Aniridia is a rare, congenital eye disorder characterized by hypoplasia or aplasia of the iris. Aniridia occurs approximately every 1.8/100,000 live births. Both familial and sporadic aniridia are caused by heterozygous mutations in the paired box 6 (PAX6) gene on chromosome 11. PAX6 is a key transcription factor in the development of the eye, pancreas, and brain. In the eye, PAX6 mutations are associated with panocular issues, such as nystagmus, foveal hypoplasia, aniridia-associated keratopathy, and cataracts. The literature indicates that PAX6 mutations are associated with metabolic changes, including pro-insulinemia and impaired glucose tolerance.
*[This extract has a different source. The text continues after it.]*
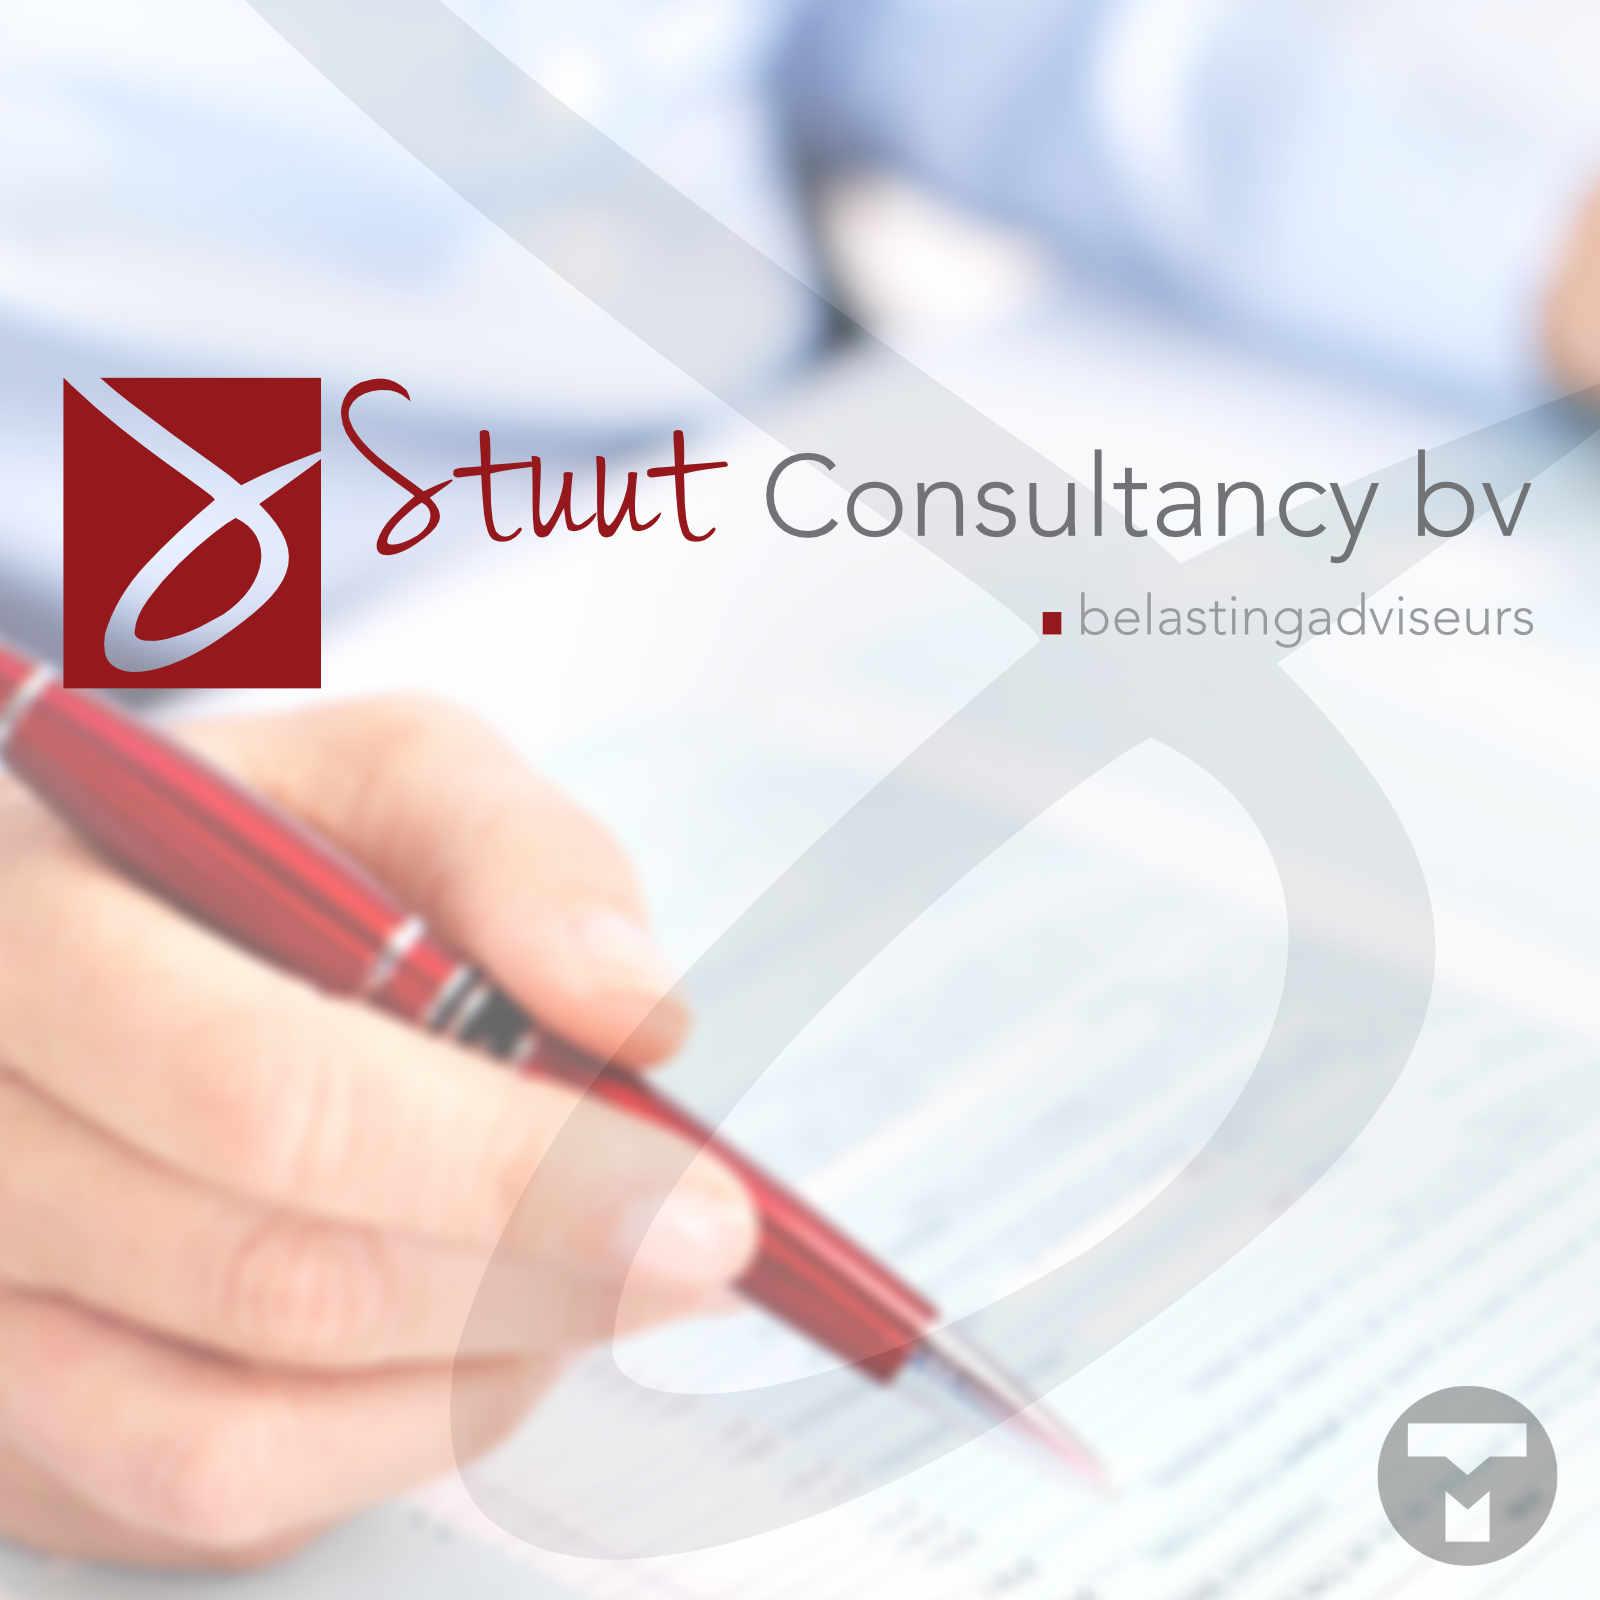 Een nieuw logo voor Stuut Consultancy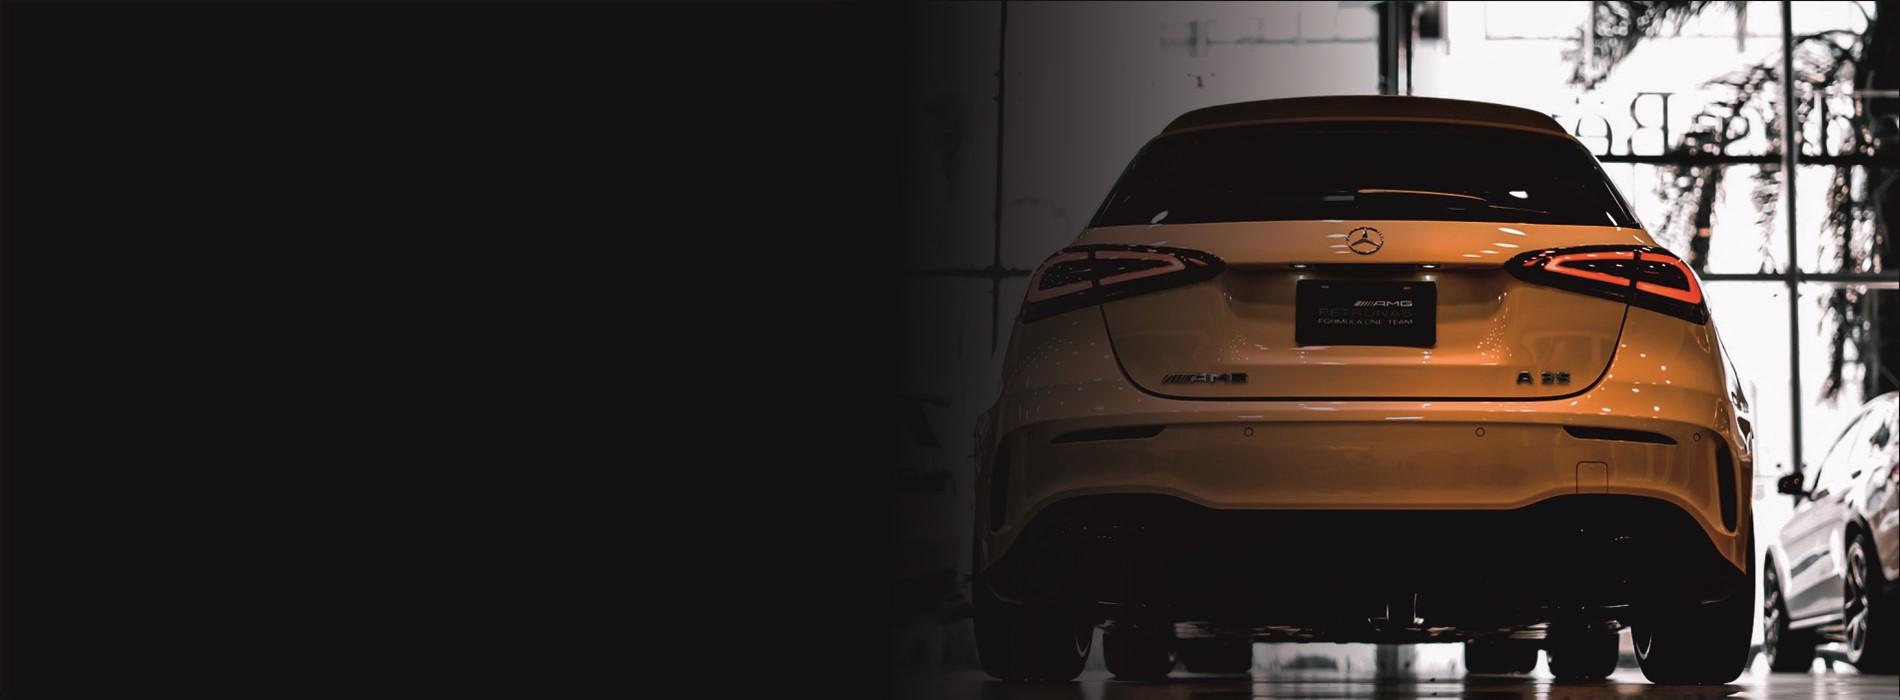 Mercedes-AMG A 35 Hatchback 2021

This study aims to explore metabolic differences between aniridics with PAX6 mutations and their relatives without PAX6 mutations by assessing Body Mass Index (BMI) and pre-prandial to post-prandial Glucagon-Like Peptide-1 (GLP-1) percent changes.
METHODS:
This study is a prospective case-control study of 12 aniridics and 12 controls. The control group consists of non-aniridic relatives of the aniridics in the study. Data collection comprised blood draws, demographics, and physical measurements at the 2013 Aniridia Foundation International meeting. Blood was drawn from each study participant before and after the participants consumed a glucose solution (Ensure Nutrition Shake with 33 grams of glucose). Next, the blood samples underwent laboratory analysis of various aspects, including GLP-1, Hemoglobin A1C (HbA1C), glucose, insulin, ghrelin, and glucagon levels. After the blood sample results were processed, the data were statistically analyzed. BMI differences between aniridics and controls were assessed using an independent t-test. Due to the small sample size, paired data, and outliers, the Wilcoxon test was chosen to analyze the % change in pre-prandial to post-prandial GLP-1 in obese (BMI≥30) aniridics and obese controls.
RESULTS:
The independent t-test showed aniridics displayed significantly higher BMIs than controls (p=0.009). The Wilcoxon test showed obese aniridics had a significantly lower percent increase in pre-prandial to post-prandial GLP-1 compared to controls (p-value=0.035).
CONCLUSION:
The results suggest aniridics may have impaired GLP-1 release in response to meals compared to controls. As GLP-1 is a satiety hormone that suppresses appetite, this may contribute to aniridics having higher BMIs than controls. These findings, coupled with the existing literature stating that aniridics display higher glucose intolerance compared with controls, demonstrate that aniridia may be associated with metabolic abnormalities. Due to this study's small sample size and large variability in participants' ages, further studies with larger sample sizes and less participant age variability are recommended to explore the role of PAX6 in obesity and post-prandial GLP-1 release.